Засунув пальцы в рот, он свистнул, подзывая такси. Когда машина остановилась перед ним, он открыл дверь и усадил свою партнершу. Бросив бумажку в пятьдесят долларов на переднее сиденье, Винс сказал водителю:
— Отвези ее, куда она скажет.
— Что происходит, Винс? — Длинные красные ногти вцепились в его рукав, словно кошачьи когти.
Винс с отвращением стряхнул руку Синтии.
— Я думала, мы собираемся… праздновать? — Синтия распахнула шубку, открывая взгляду Винса едва прикрытое тканью тело.
Винс закрыл глаза, вспоминая другую женщину, в красной лыжной парке и бежевом боди под ней.
— Я передумал, — прорычал он. Потом захлопнул дверь машины и стоял, наблюдая, как желтое пятно быстро исчезает вдали. Через заднее стекло он видел надутое лицо Синтии, оно походило на лицо капризного ребенка.
Часы на башне над головой Винса пробили полночь. Все вокруг завопили:
— Счастливого Нового года!
С ночного неба, словно густой снег, посыпалось конфетти.
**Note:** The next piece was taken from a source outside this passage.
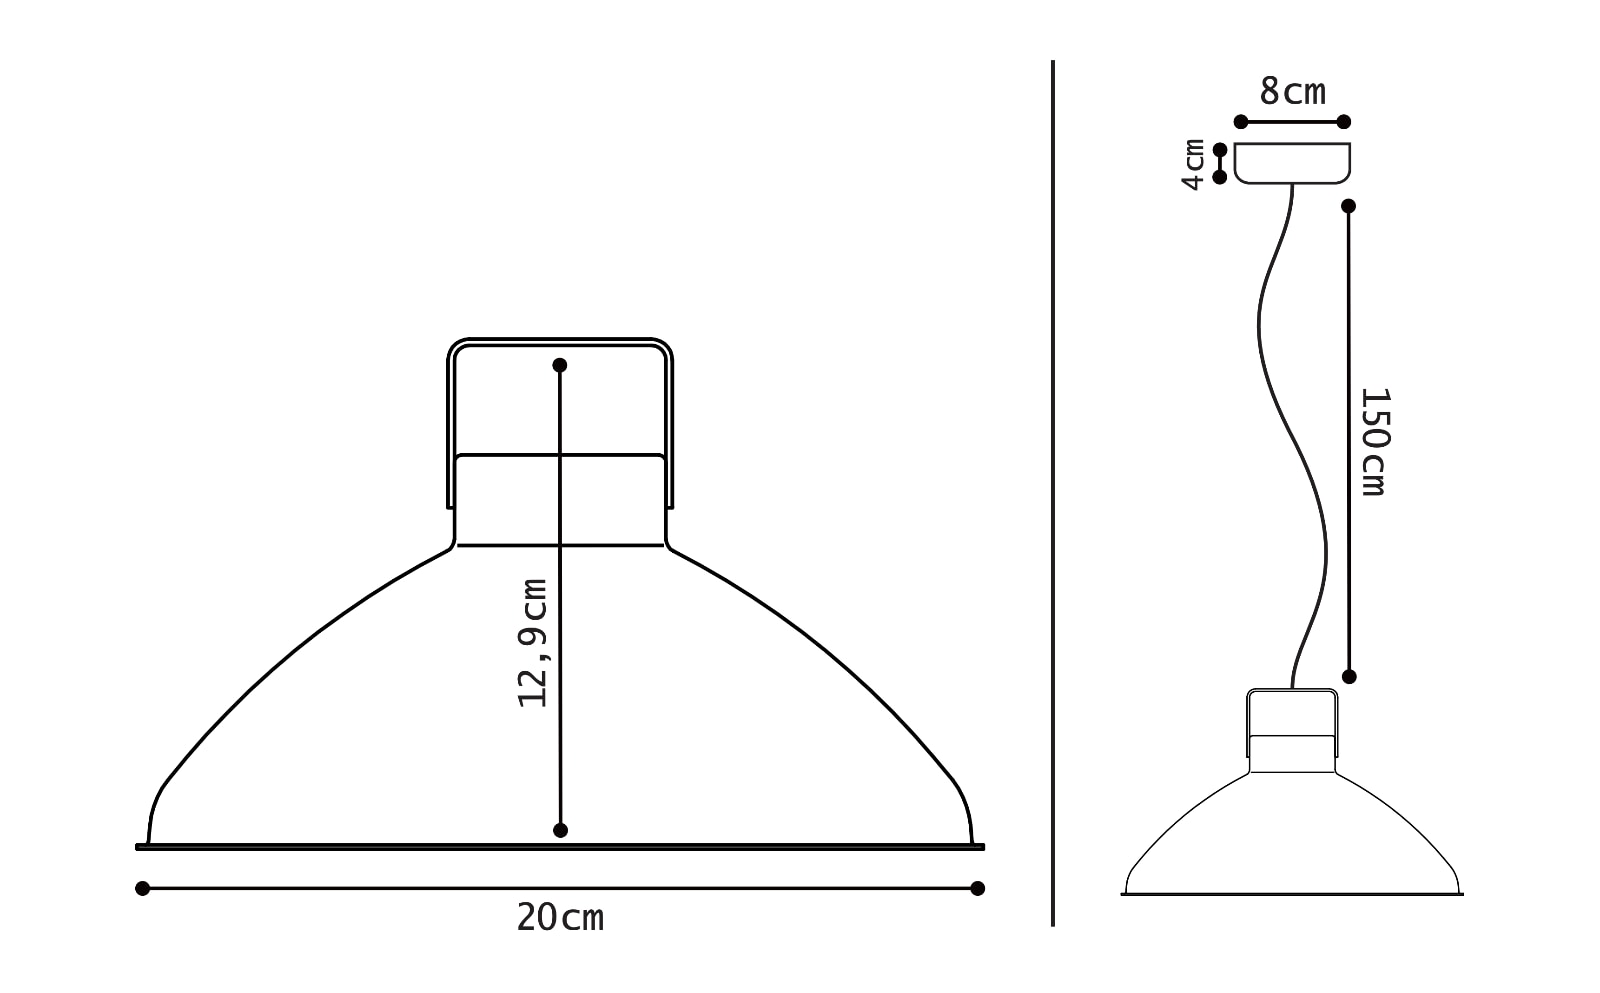 Industriestil-Pendellampen BEAUMONT in vielen Farben: Maßzeichnung des kleinen Modells B200

Толпа бурлила, Винса толкали, но он чувствовал себя единственным человеком, оставшимся на земле. «Какого черта ты валяешь дурака?» — спросил он себя, засовывая кулаки в карманы и сутулясь на холодном ветру. Никто и никогда не сможет занять место Джинджер — и в прошлом году, и в этот Новый год, и вообще никогда.
— Это, должно быть, самый плохой год в моей жизни! — воскликнула Робин, вваливаясь в гостиную Джинджер.
— Все три дня этого года? — спросила та, пытаясь скрыть улыбку.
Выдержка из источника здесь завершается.